Paloma Alonso-Magdalena studied Biology at the University of Oviedo. She obtained her PhD at the Miguel Hernandez University and held a postdoctoral fellowship at the Department of Nutrition at Karolinska Institutet, Stockholm (Sweden) where she studied the physiology of the estrogen receptor ERβ. She was also visiting researcher at the Centre for Nuclear Receptors and Cell Signaling in Houston (USA). She is Lecturer of Nutrition and Bromatology at the Miguel Hernández University of Elche and principal investigator in IDiBE. Her research is focused in understanding the role that the endocrine disrupting chemicals (EDCs) play in the etiology of diabetes, obesity and related metabolic disorders. Her work has been decisive for linking the exposure to certain widespread endocrine disruptors like bisphenol-A to the etiopathology of type 2 diabetes. In addition, she is interested in the physiology and metabolic adaptations of pancreatic alpha and beta-cells during pregnancy. She is particularly focused in understanding the molecular basis of gestational diabetes mellitus and the identification of altered signaling pathways leading to the development of this disease. She was awarded with the Spanish Diabetes Society award for best young researcher (2018).

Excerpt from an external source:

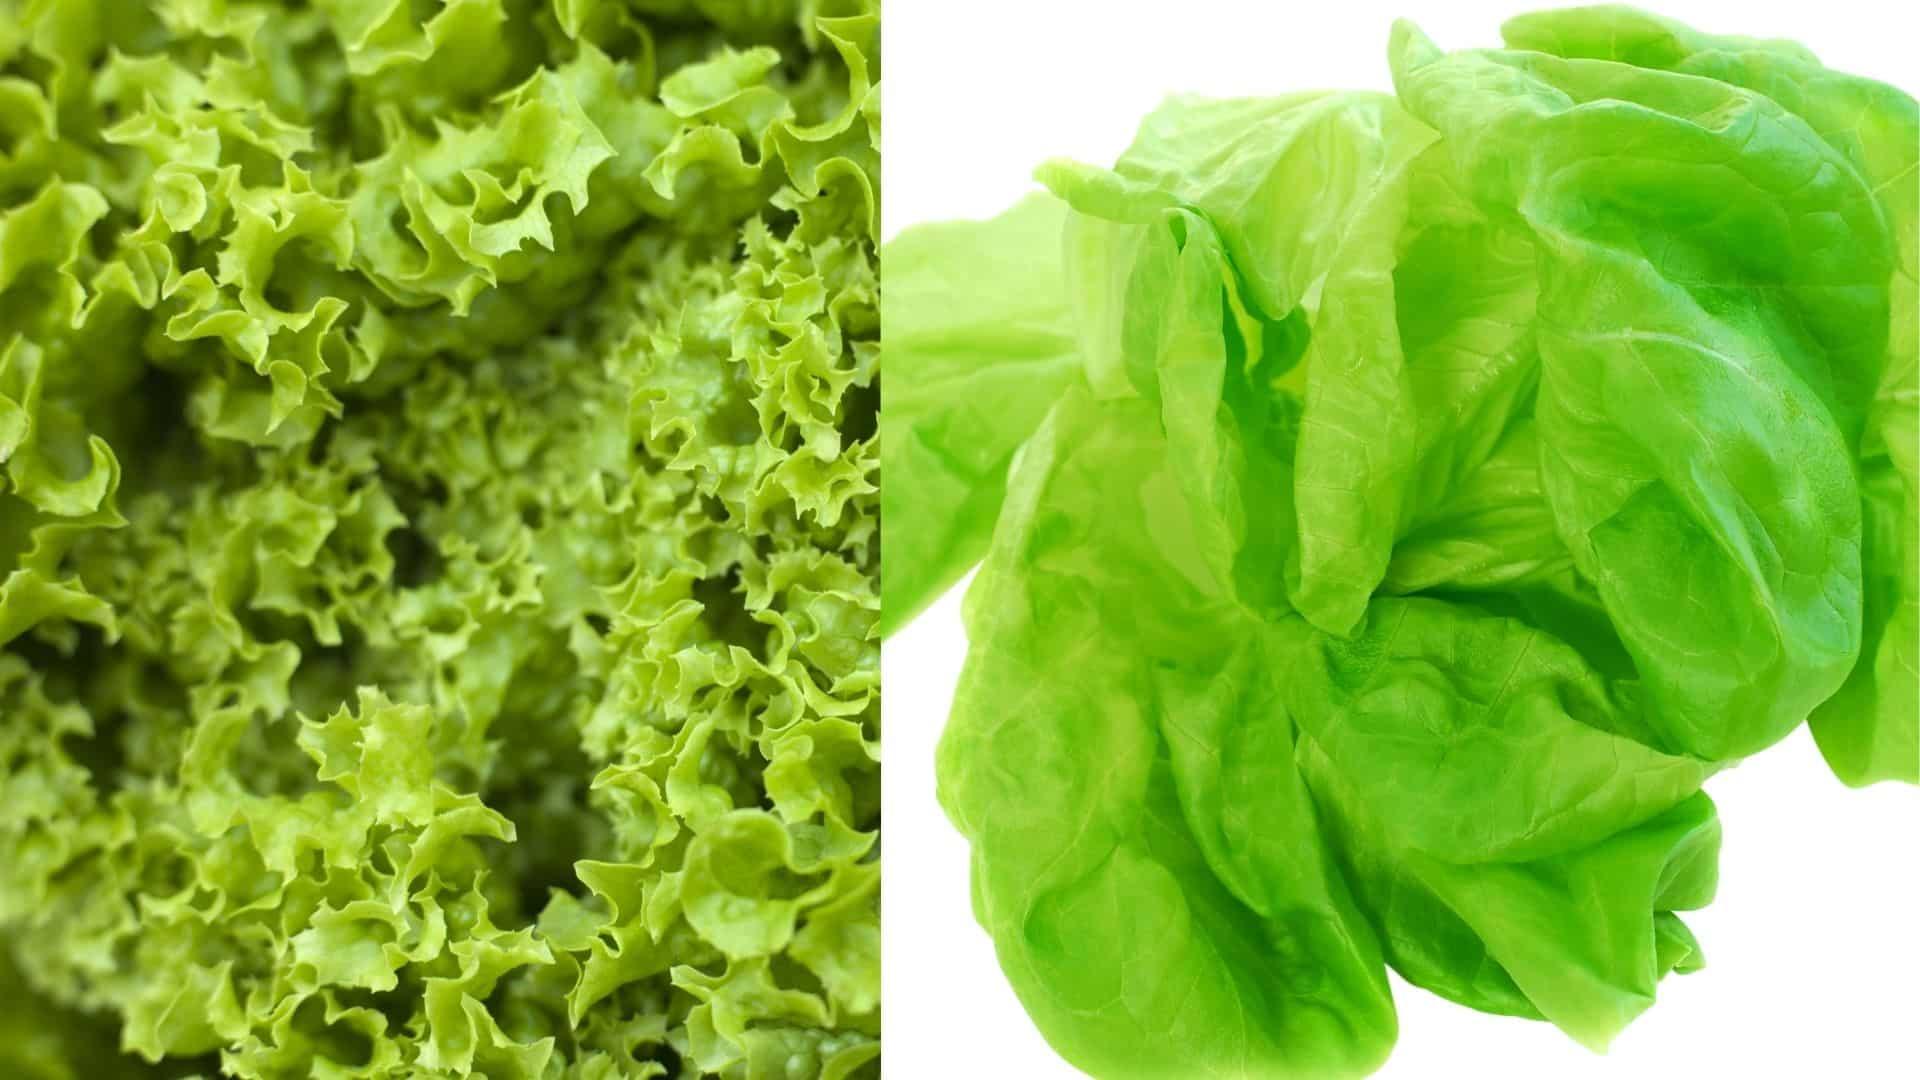 A fejes saláta az egyik kedvenc kerti zöldünk, mert jóval jobb - mind ízében, mind A-vitamin-tartalmában! Ültesd tavasszal, két héttel a fagy előtt.

Esther Fuentes studied Biochemistry at the University of Valencia, Spain and received her PhD from King’s College London, UK. She is Lecturer of Nutrition and Bromatology at the Miguel Hernández University of Elche. She combines her research interest in the role of endocrine disruptors in metabolic disorders with her position as Deputy Vice Chancellor for Culture.
Ivan Quesada is Professor of Nutrition at the Miguel Hernández University of Elche. He obtained his PhD at the Miguel Hernández University (2000) and held a postdoctoral fellowship at the University of Washington in Seattle (2001-2003). Dr. Quesada was also invited as a Visiting Assistant Professor to teach at the University of Washington (2004). His studies have focused on understanding the alterations, adaptations and/or failures of the pancreatic alpha and beta cells in physiological conditions such as pregnancy and ageing as well as pathological conditions like obesity and diabetes. His research in recent years has primarily contributed to a better comprehension of the pancreatic alpha-cell biology in health and disease, and its contribution to diabetes. He was awarded by the Spanish Diabetes Society for best young researcher (2008).